While the world still basks in the romantic glow of love that the Royal Wedding evoked a couple of days ago, I’m reminded of my own wedding and how I often wish things had been different. My eldest daughter is also getting married soon and she has planned everything with her fiance, a far cry from what her own parents did.
When I got married I didn’t have the emotional strength to partake in the planning. I was still very much recovering from the brutal attack on me and I just had no energy to put into wedding planning. I let my own mother plan just about everything. I knew I wanted my dress made, not bought. I actually wanted to get a black dress and just be done with it, but as we had opted for a church wedding I really don’t think it would have been appropriate.

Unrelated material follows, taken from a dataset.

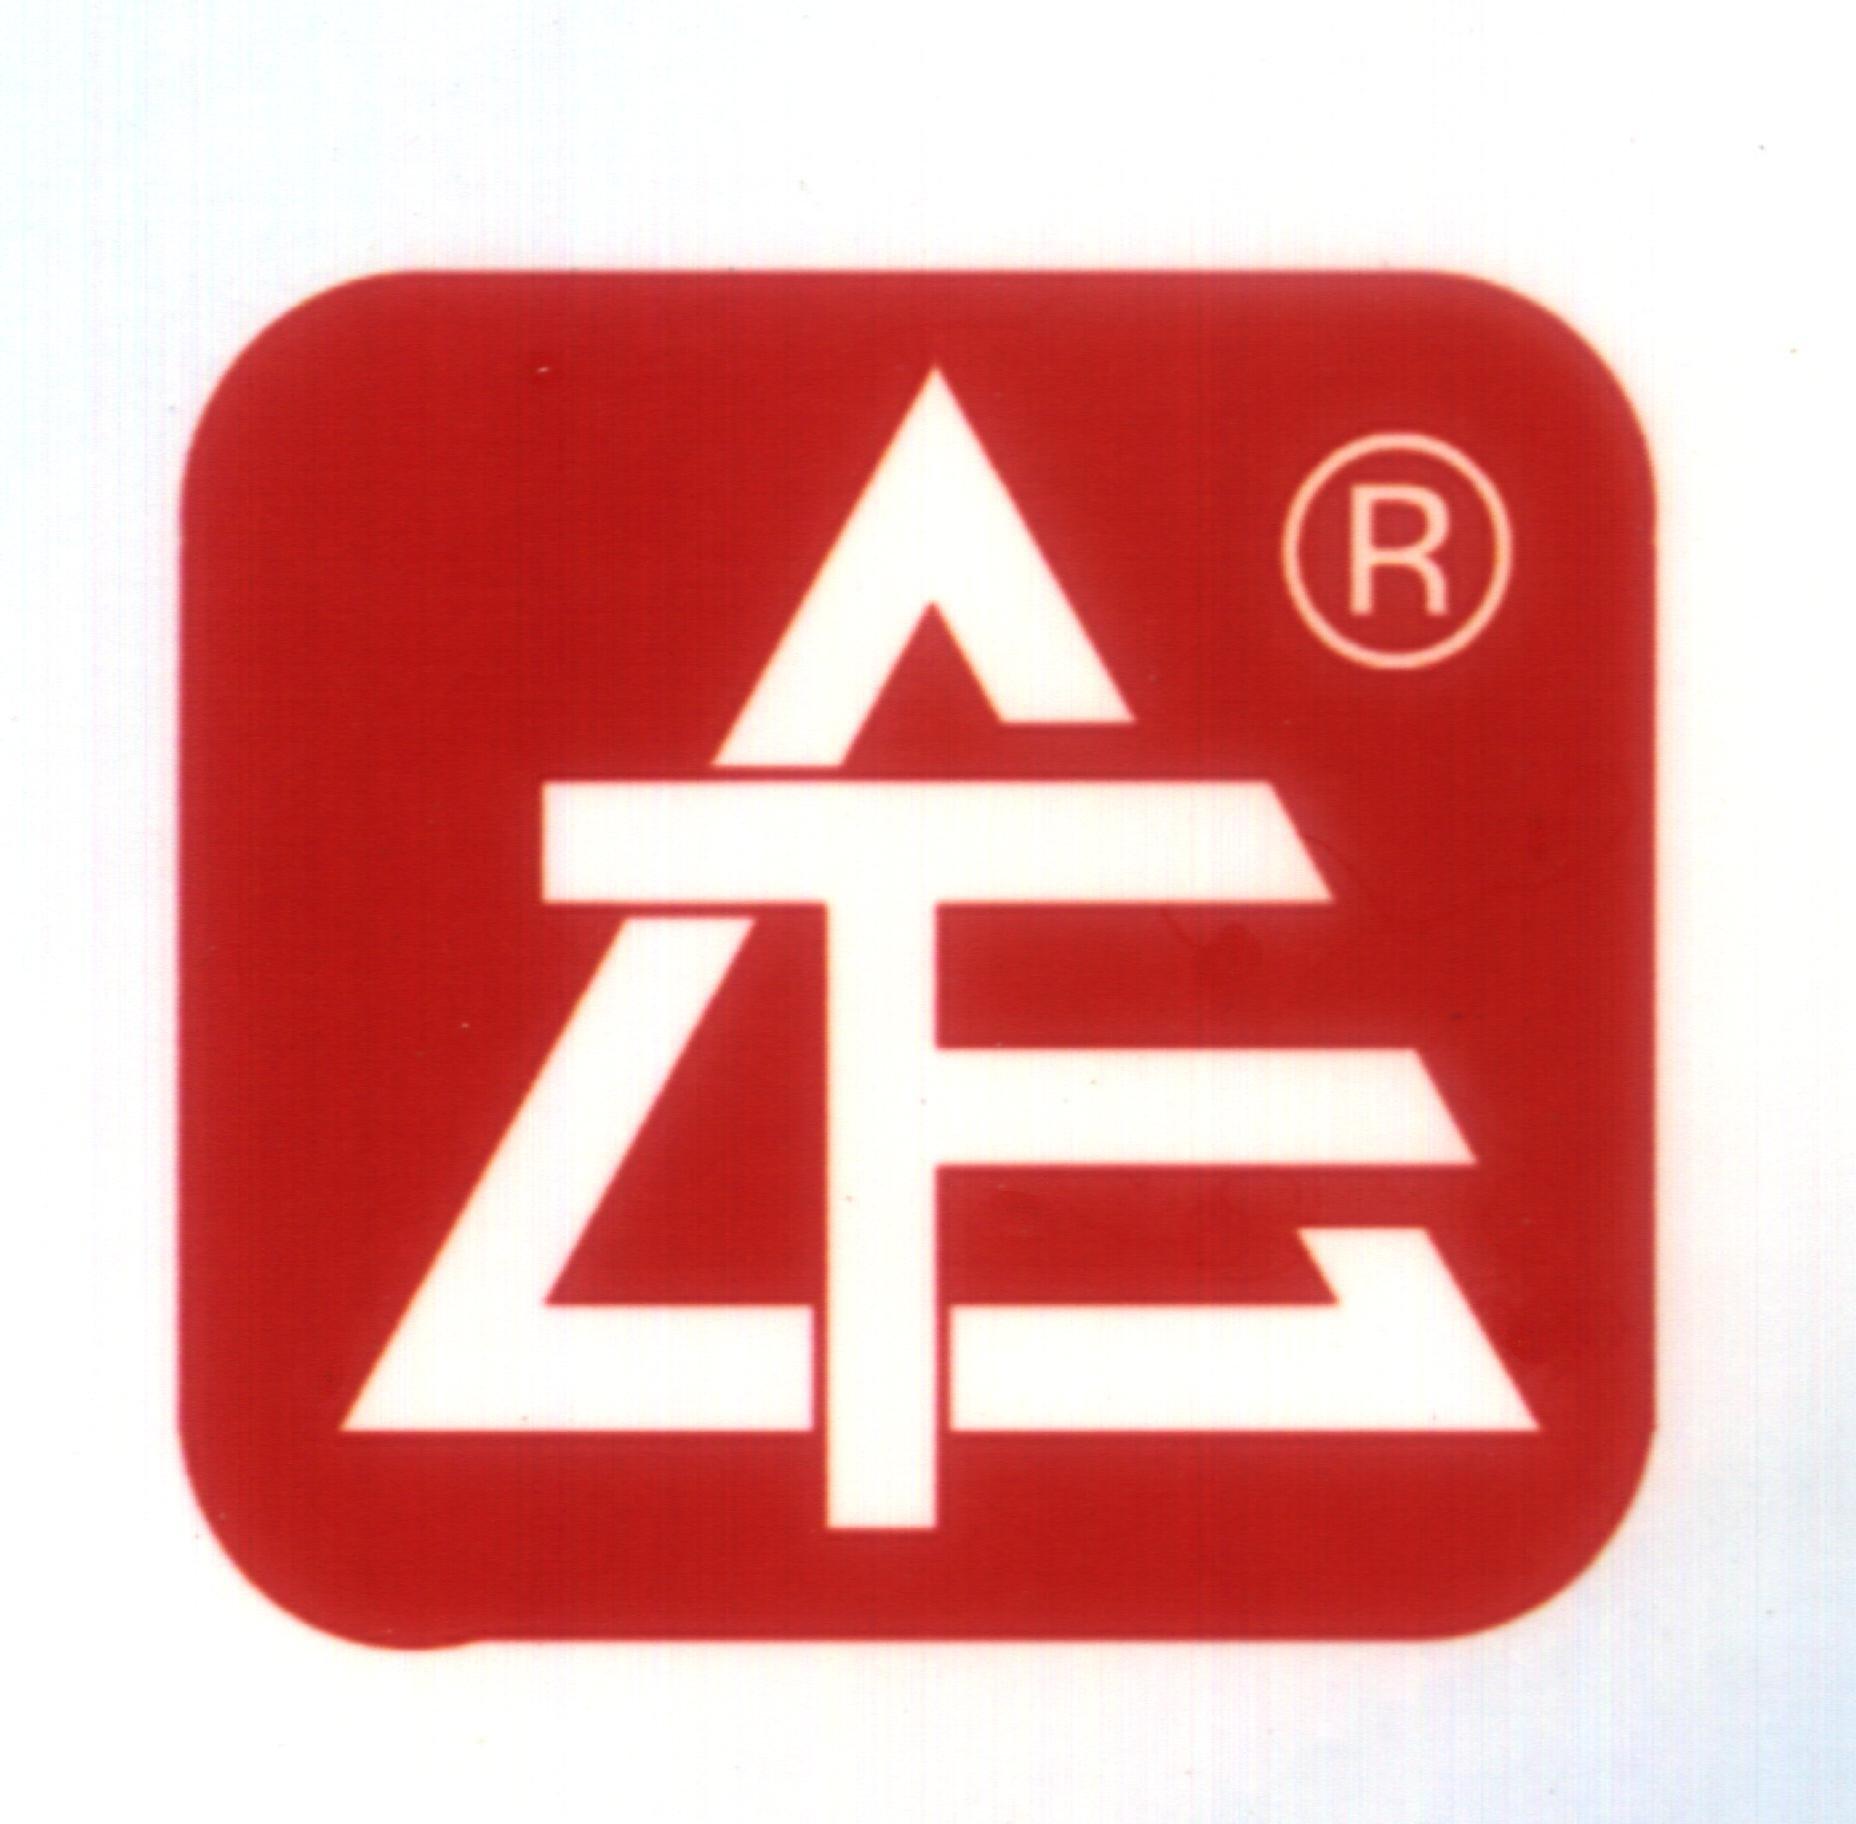 Lian Jeng Machinery Manufacturer Co.

I often wonder what I would have chosen had I not been so broken. Looking back I think I would still have opted for the church, this was twenty-eight years ago – twenty-nine when it was being planned – the registry office was in a dilapidated state and I still think I wouldn’t have wanted to have my wedding there.
If I was planning a wedding now I would be looking at somewhere out in nature. In fact, I would actually get handfasted – I’d probably have a legal ceremony first, but the actual wedding would be a handfasting – a pagan style commitment ceremony.
Having said all of that, I can still remember my wedding day and it was a wonderful day; filled with love, laughter, and happiness.